La dernière muse et avant.
« Araki Nobuyoshi », Éditions Gallimard publiée sous la direction de Jérôme Neutres, 304 pages, 39,90 euros et aussi « KaoRi », Chez Higgins, Montreuil.
Exposition au Musée Guimet du 13 avril au 5 septembre 2016.
Araki s’est souvent plaint que dans l’art contemporain il y avait trop de robots et pas assez de chair. L’artiste a toujours su rétablir l’équilibre. Et ne s’en est pas priver. Chair humaine (féminine) et pulpe des fleurs sont des épitaphes contre la fin du monde. Cela n’est pas nouveau chez lui : « À peine sorti du vagin de ma mère, je me suis retourné pour le photographier!» déclarait-il avec son humour.
Sidéré par le sexe, le désir, la vie et la mort, pour l’artiste la femme est le seul sujet (avec les fleurs qui lui servent de métaphores) : elle est captées libre ou ligotée par celui qui reste un des maîtres du bondage nippon contemporain. Il a trouvé dans KaoRi sa dernière muse. Manière d’oublier Yoko Aoki l’épouse dont il raconta en image le voyage de nonce comme celui du départ. Avec KaoRi il multiplia les techniques afin de réaliser ses prises de manière compulsive allant jusqu’à prendre des centaines d’images en un seul jour de son dernier « printemps ».
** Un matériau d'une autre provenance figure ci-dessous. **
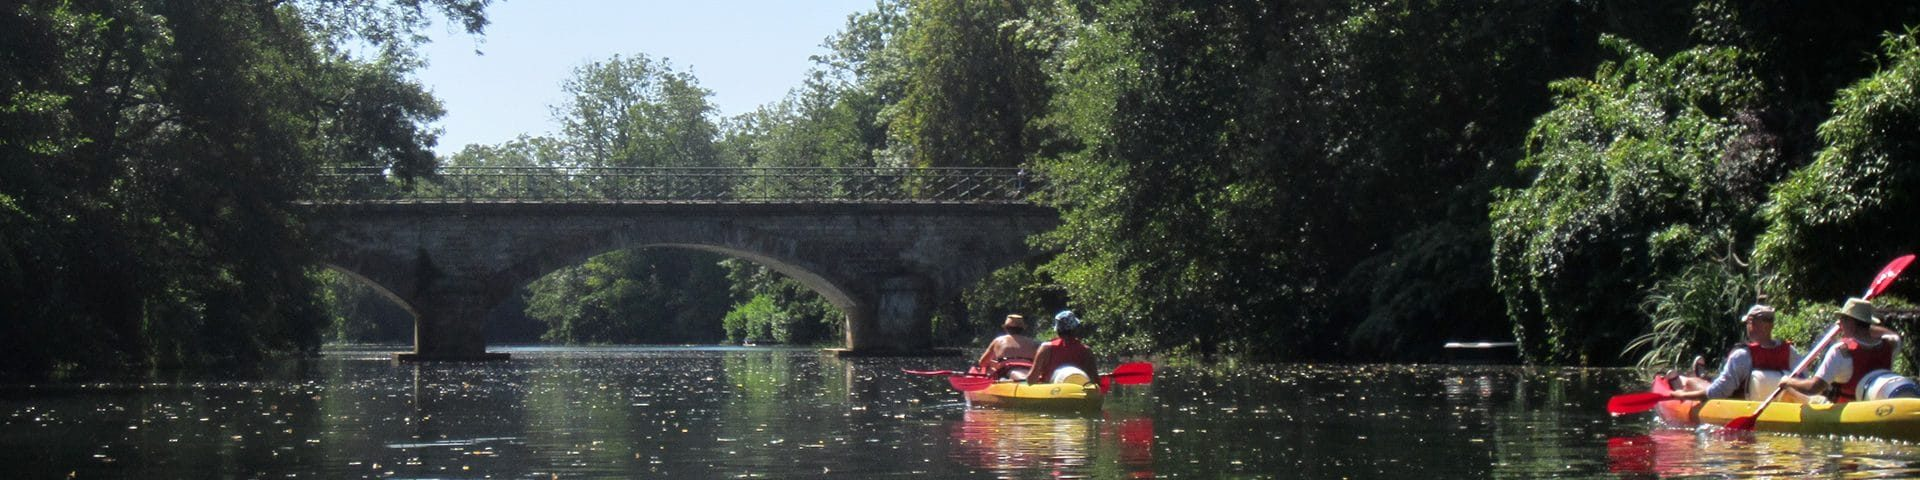 Camping La Dordogne Verte : Canoe Riviere Pont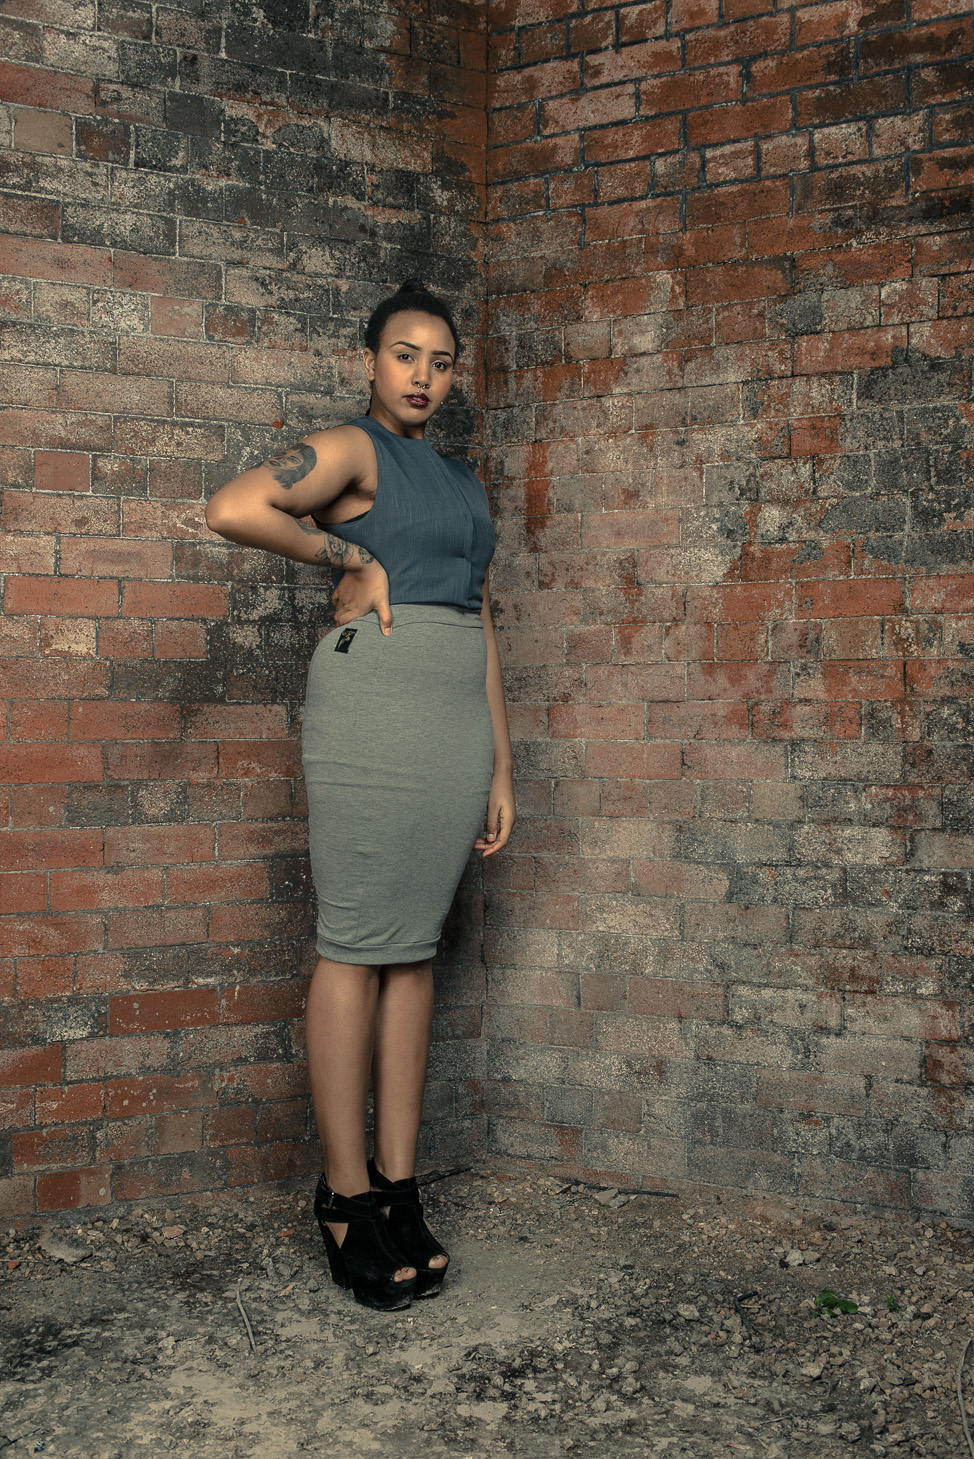 zaramia-ava-zaramiaava-leeds-fashion-designer-ethical-sustainable-tailored-minimalist-skirt-bandeau-maxi-versatile-drape-grey-bodysuit-black-obi-belt-wrap-shirt-cowl-styling-womenswear-models-34

Le bondage reste pour lui un moyen de ficeler le réel plus que ses modèles : « c’est parce que les âmes sont intouchables que je veux ficeler le visible. En prendre possession pour moi seul» dit celui pour lequel le médium et les techniques de prises deviennent les préliminaires de l’amour. Preuve que la femme pour elle n’a rien d’un spectre. Néanmoins chaque photographie devient les moments d’opérations pour atteindre la complétude qui porte au delà de la souffrance. Surgissent le silence de l’âme et surtout le bruit de l’inconscient qui trouvent enfin ses propres images. Le désir sort par le ventre, le visage. Il a besoin dans une telle œuvre d’espace, de rencontre. Il ne se complait pas en lui-même. Le corps en déborde. Et Araki fait entrer dans de flux d’existence.
Dès lors KaoRi lance son corps (en connivence avec l’artiste) comme un coup de dés. Chaque fois il fait trembler les sphères d’en bas, la terre d’en haut. L’artiste oblige à chercher où est le corps, le « vrai », où sont sa sensibilité, son être. Les photographies figurent comment le corps à de quoi exister : à la fois par l’idée et la caresse. Elles deviennent l’activité qui montre ce dont le corps est plein. C’est pourquoi il est parfois est balafré, troué, ouvert et recouvert. Oui il ose être ouvert, discerné afin que chacun ne vive plus sans exister.